Discussion. Our system performs well even if a majority of malicious peers is present in the network at a prominent place. The experiment clearly shows that forming a malicious collective does not decisively boost the global trust values of malicious peers: these peers are tagged with a low trust value and thus rarely chosen as download source. The system manages to break up malicious collectives through the presence of pre-trusted peers (see Section 9.3.4): if pre-trusted peers are not present in the network, forming a malicious collective in fact heavily boosts the trust values of malicious nodes. Under the presence of pre-trusted peers, the local trust values of malicious peers are significantly lower than those of good peers already after one simulation cycle. This minimizes the number of inauthentic downloads, and the numbers are virtually equal to the numbers in Figure 9.5 when peers do not form a malicious collective. For example, with 40% of all peers in a network being malicious, around 87% of all file downloads in a normal, non-trust-based network. Upon activation of our scheme, around 10% of all file downloads return an inauthentic file.

Figure 9.6 Trust-based reduction of inauthentic downloads in a network where a fraction of peers form a malicious collective and always upload authentic files. Forming a malicious collective does not boost the trust values of malicious peers significantly; they are still essentially banned from uploading inauthentic files, similar to Figure 9.5.

Forming a malicious collective obviously does not increase the global trust values of malicious peers sufficiently for them to have an impact on the network.

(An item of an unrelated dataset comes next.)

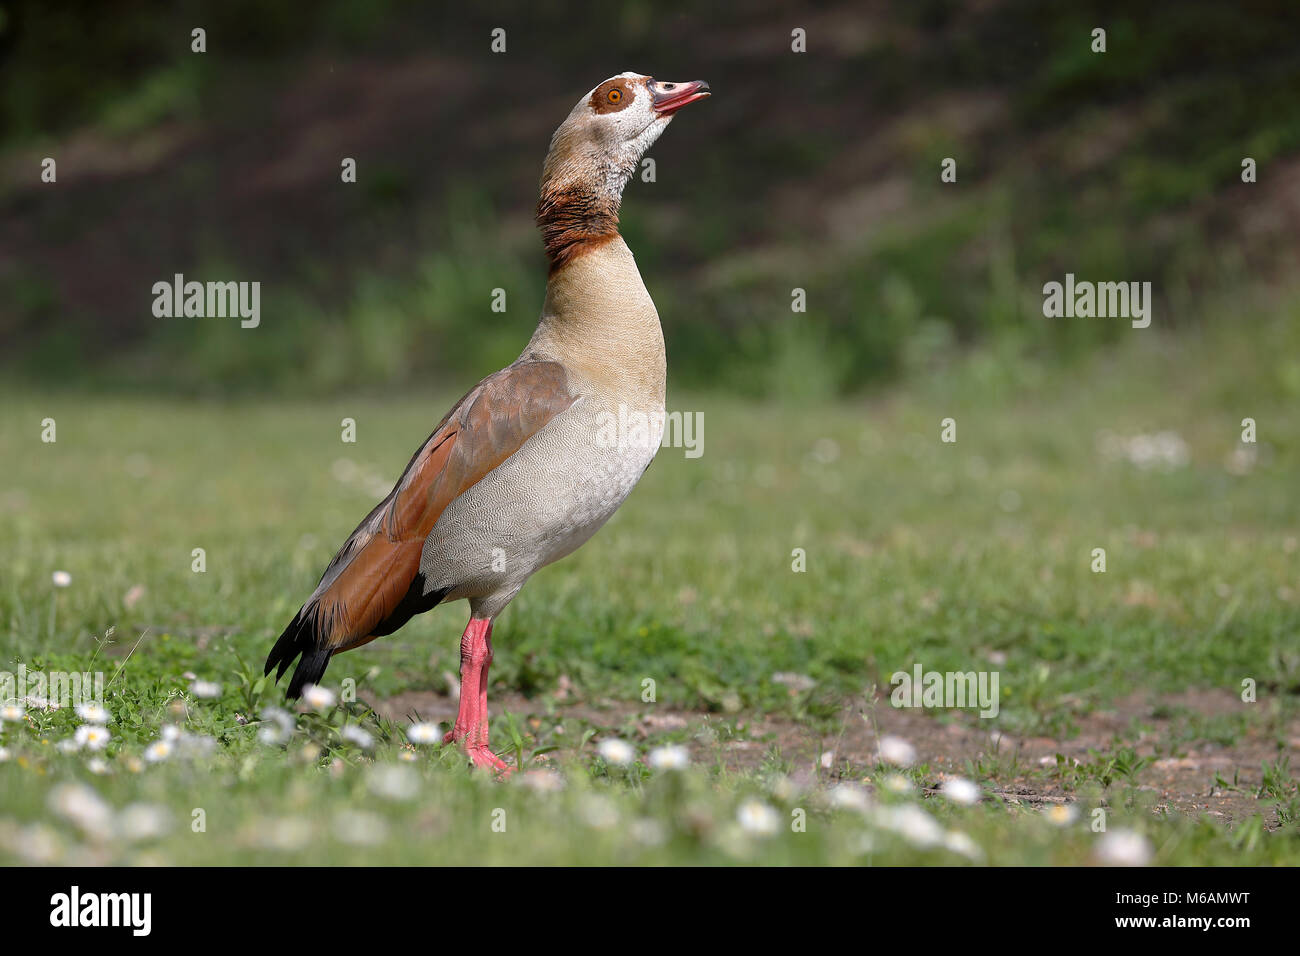 Egyptian goose (Alopochen aegyptiacus) stands in the grass with daisies, Rhineland-Palatinate, Germany Stock Photo

This leaves malicious peers with one choice: they have to increase their local trust values by receiving positive local trust values from at least some good and trusted peers in the network. In the experiment in Figure 9.7, we consider a strategy for malicious peers that is built on the idea that malicious peers try to get some positive local trust values from good peers.

Figure 9.7 Trust-based reduction of inauthentic downloads in a network where a fraction of peers form a malicious collective and return authentic files with certain probabilities. When malicious peers partly provide authentic uploads, they receive more positive local trust values and will be selected as download sources more often, also increasing their chances to upload inauthentic files. However, uploading authentic files may be associated with a cost for malicious peers.

Threat model C. Malicious collectives with camouflage. Malicious peers provide an inauthentic file in f% of all cases when selected as download source. Malicious peers form a malicious collective as described above.

Setup. We simulate a network consisting of 53 good peers, 3 of them are pretrusted peers, and 20 type C malicious peers. In each experiment, we apply a different setting of parameter f in threat model B such that the probability that malicious peers return an authentic file when selected as download source varies from 0% to 90%. We run experiments for each setting of parameter f in steps of 10%. Running the experiments on both a non-trust-based system and on our system yields Figure 9.7. Bars depict the fraction of inauthentic files downloaded in one simulation cycle divided by the total number of files downloaded in the same period of time.

Discussion. Malicious peers that operate under threat model C attempt to gain positive local trust values from some peers in the network by sometimes providing authentic files. Thus, they will not be assigned zero trust values by all peers in the network since some peers will receive an authentic file from them. This in turn provides them with higher global trust values and more uploads — a fraction of which will be inauthentic. Figure 9.7 shows that malicious peers have maximum impact on the network when providing 50% authentic files: 28% of all download requests then return inauthentic files. However, this strategy comes at a cost for malicious peers: they have to provide some share of authentic files, which is undesirable for them. First of all, they try to prevent the exchange of authentic files on the network, and in this strategy they have to participate in it; second, maintaining a repository of authentic files requires a certain maintenance overhead.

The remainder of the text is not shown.